Le gisement local se lit dans les mêmes données : 272 diagnostics publiés pour 1 000 résidences principales, un bassin de travaux structuré autour de CC Entr'Allier Besbre et Loire, de l'ordre de 255 maisons individuelles. Ce volume ne préjuge d'aucune éligibilité individuelle : il indique seulement où se concentrent, à Saint-Léon, les situations où le scénario décrit sur cette page a le plus de chances d'être pertinent.

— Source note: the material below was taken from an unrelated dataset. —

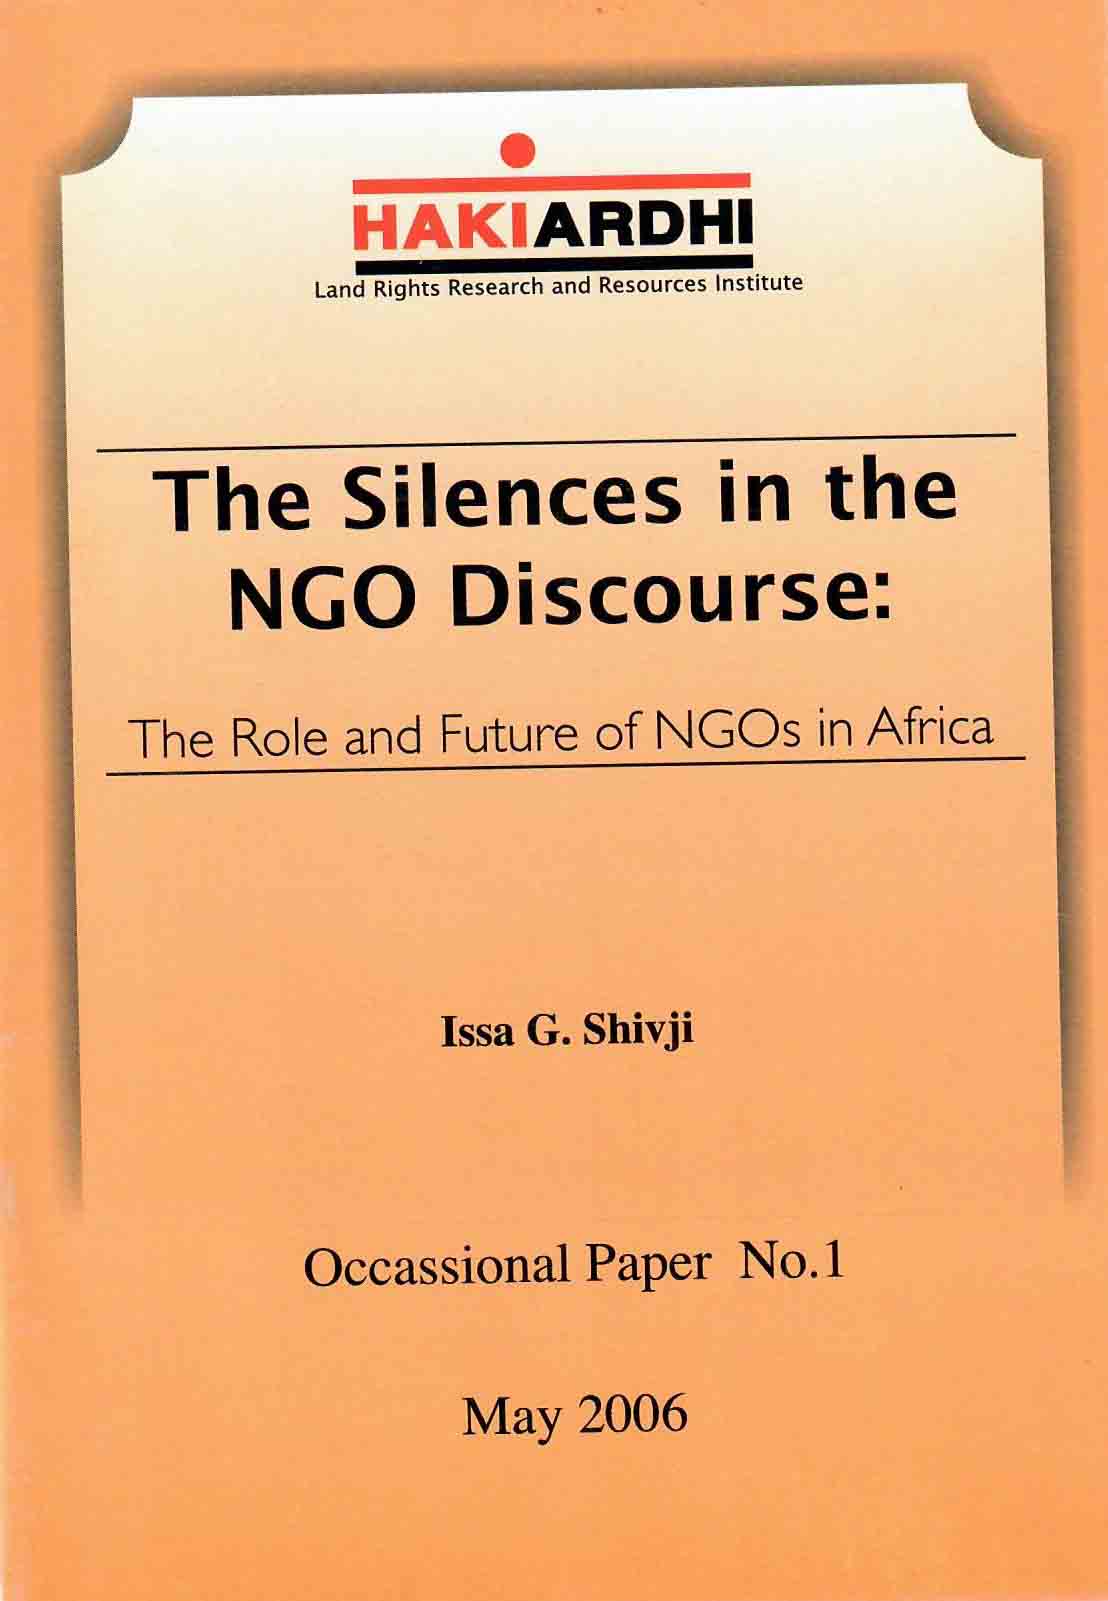 The silences in the NGO discourse

Pour rendre les montants comparables, la base de calcul est fixée à 105 m², en zone H1c : après un bouquet complet, la consommation recule d'environ 14 400 kWh par an, soit près de 1 550 € au tarif de référence. Côté financement, l'assiette est plafonnée à 40 000 € HT dès trois classes gagnées, l'aide ANAH s'échelonne de 4 000 € à 32 000 € selon le revenu fiscal de référence, et l'accompagnement obligatoire est pris en charge jusqu'à 2 000 €.

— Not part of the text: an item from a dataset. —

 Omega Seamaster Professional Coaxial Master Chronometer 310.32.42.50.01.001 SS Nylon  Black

Le choix du scénario change l'assiette : à Saint-Léon, elle passe de 30 000 € HT à deux classes à 40 000 € HT dès trois classes. Avec le programme collectif chiffré autour de 709 500 €, l'arbitrage consiste à vérifier si le poste complémentaire nécessaire pour franchir la troisième classe coûte moins que le supplément d'aide qu'il déclenche.
Sur la durée de vie de l'ouvrage, un programme voté en assemblée générale à Saint-Léon suppose un gain d'au moins 35 % de consommation conventionnelle maintenu dans le temps. Rapporté à vingt ans d'usage, le poste chiffré à 709 500 € revient à 35 475 € par an avant aides, montant à mettre en regard de l'économie de facture et non du seul prix d'achat.
Guichet compétent : CC Entr'Allier Besbre et Loire, dont dépend le territoire à Saint-Léon. C'est à ce niveau que se vérifient les compléments locaux mobilisables sur un programme voté en assemblée générale — ils ne remplacent pas MaPrimeRénov' mais réduisent le solde à financer.
La part de propriétaires occupants — 79 % à Saint-Léon — dessine le volume de projets réellement engageables à court terme sur un programme voté en assemblée générale, soit environ 206 logements. Le reste du parc suppose un montage locatif, avec ses propres conditions d'éligibilité.
Le dimensionnement suit l'occupation réelle : 2.03 personne(s) par logement en moyenne à Saint-Léon, ce qui fixe la base de calcul à 105 m². Un programme voté en assemblée générale se calibre sur cette occupation, pas sur la surface cadastrale ni sur la facture de l'année passée.
Le gain se calcule, il ne s'annonce pas : un programme voté en assemblée générale traite 35 à 55 % du besoin. Appliqué au cas de référence à Saint-Léon, en zone H1c, cela ramène 9 164 à 14 400 kWh par an, valorisés 984 € à 1 547 € au tarif conventionnel 2026.
La densité de diagnostics renseigne sur la maturité du marché : 71 DPE publiés par l'ADEME à Saint-Léon, soit 272 pour 1 000 résidences principales. Un tel volume conditionne les délais de un maître d'œuvre mandaté par le syndicat, dont l'intervention sur un programme voté en assemblée générale dure dix-huit à trente mois, études comprises.